The mass hallucination theory: straw man, or honest confusion?
That “collective hallucinations” are so weakly supported in the psychological literature has led Mesner to question if the “mass hallucination” theory isn’t just a straw man argument employed by anomalists to make the only assumed alternative explanation - that the observations were true to reality - seem like the more rational choice.
I’m sure Mesner’s statement is at least partly correct. However, it has also been my experience that the mass hallucination theory is invoked more commonly by those who take a debunking position on a topic, but who also don’t necessarily understand the limitations of the collective hallucination theory.
Whether it’s used as a straw man or just confused with similar concepts like mass hysteria, there just isn’t enough scientific support for such things as mass hallucinations to accept them as a definitive explanations in any particular cases.
Conclusion
Good explanations for anomalous phenomena are built on good science and robust theories. The mass hallucination theory, in any name or form, is neither of these things.

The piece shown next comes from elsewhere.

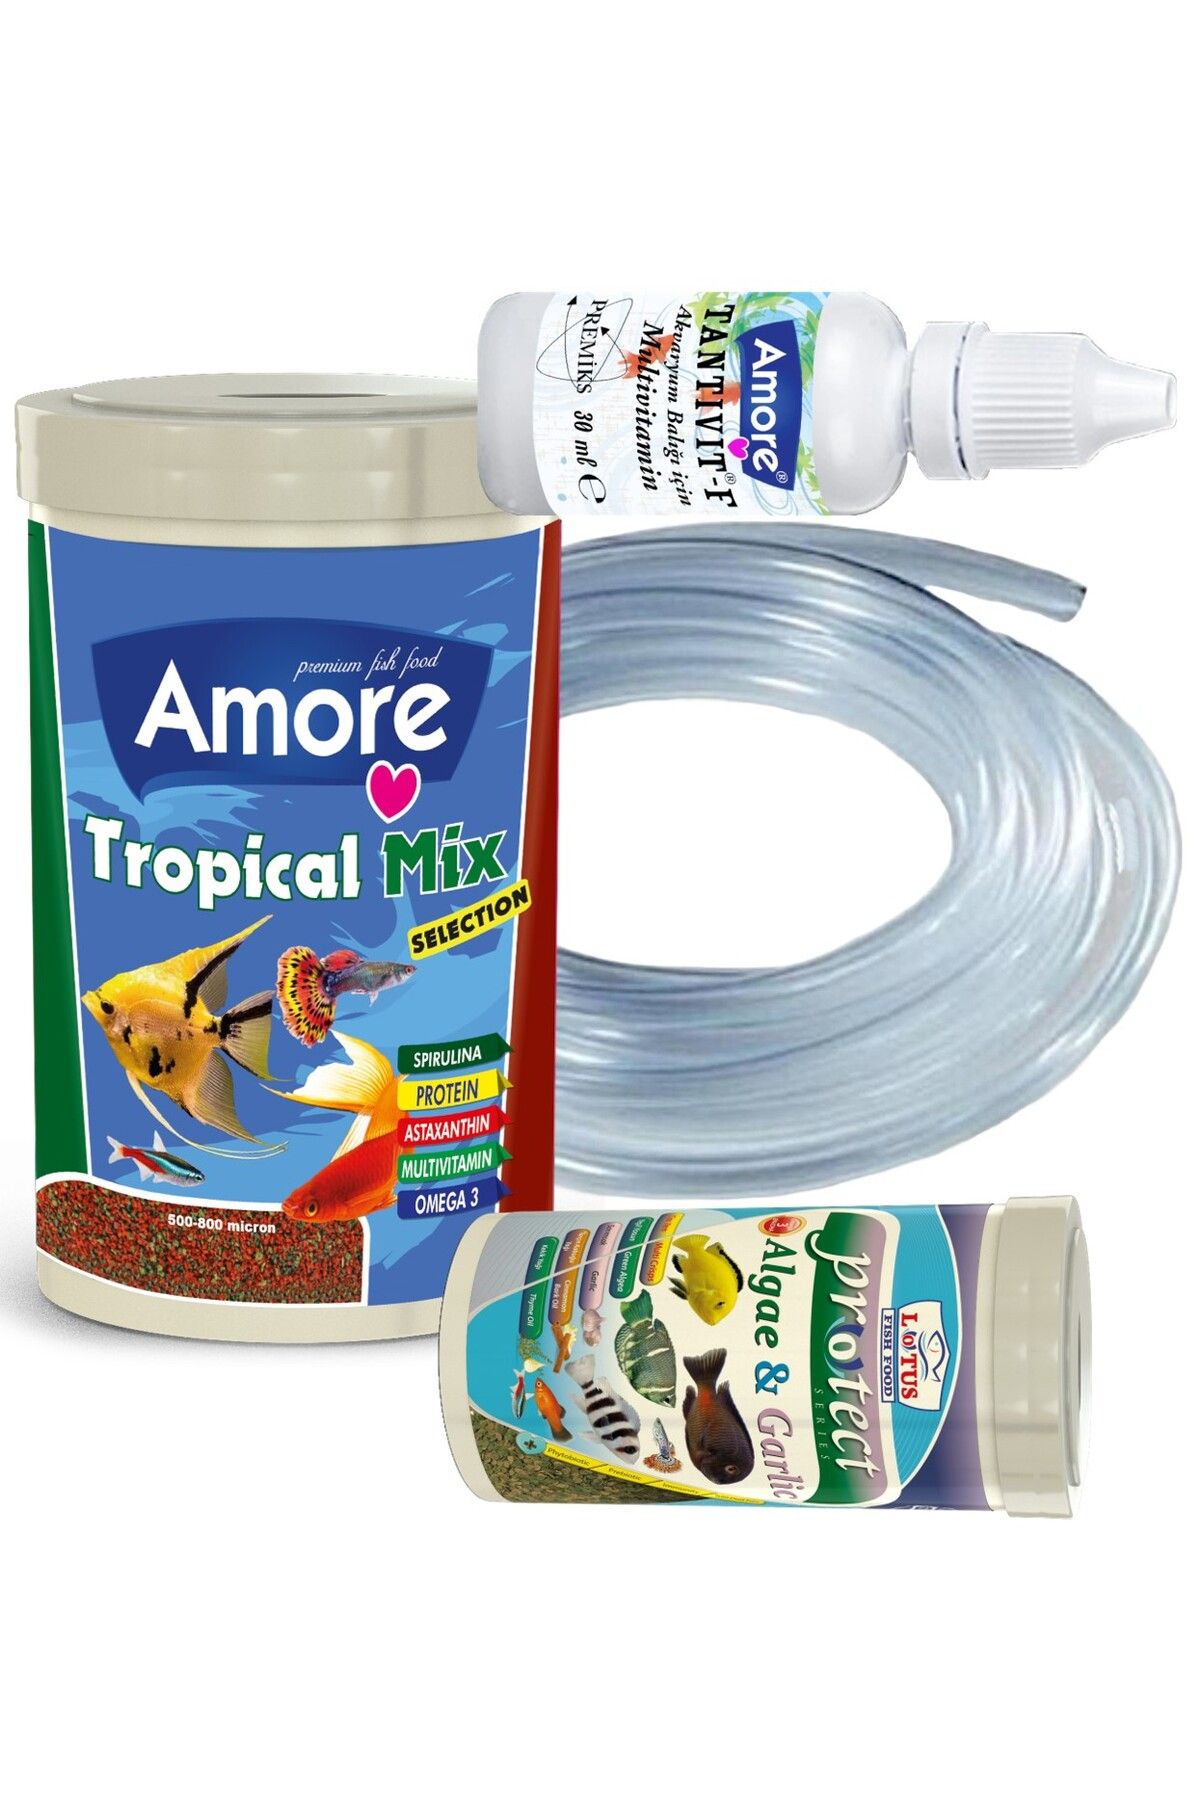 Amore Tropical Mix Selection 1000ml, Algae Garlic 100ml Balık Yemi, Hava Hortumu, Multivitamin

In many cases, explaining group sightings as mass or collective hallucinations is about as speculative and ultimately pseudoscientific as explaining them as UFOs. It is not a more “rational” alternative to any supernatural explanation, and it should not be accepted as the default explanation for multiple-witness accounts.
- Jason Charbonneau
(1) For a list of references to “mass hallucinations” in popular culture, see: http://tvtropes.org/pmwiki/pmwiki.php/Main/SharedMassHallucination
(2) Douglas Mesner, “Mass Hallucination, Hysteria, and Miracles,” The Process is, published July 12, 2012, accessed Oct 27, 2016: http://www.process.org/discept/2012/07/12/mass-hallucination-hysteria-miracles/
(3) Gustave Le Bon, The Crowd: a Study of the Popular Mind (Kitchener: Batch Books, 2001), 24-25: http://socserv2.socsci.mcmaster.ca/~econ/ugcm/3ll3/lebon/Crowds.pdf
(4) Leonard Zusne and Warren Jones, Anomalistic Psychology: A Study of Magical Thinking, 2nd Ed. (New York: Psychology Press, 2014), 114-118 and elsewhere.
(5) “Collective Hallucination,” Skeptic’s Dictionary, updated Oct 27, 2015. Accessed Oct 27, 2016: http://skepdic.com/collective.html
(6) Also noted by Zusne and Jones, 118.
(7) Lynne D. Kitei, The Phoenix Lights. Charlottesville, VA: Hampton Roads, 2010.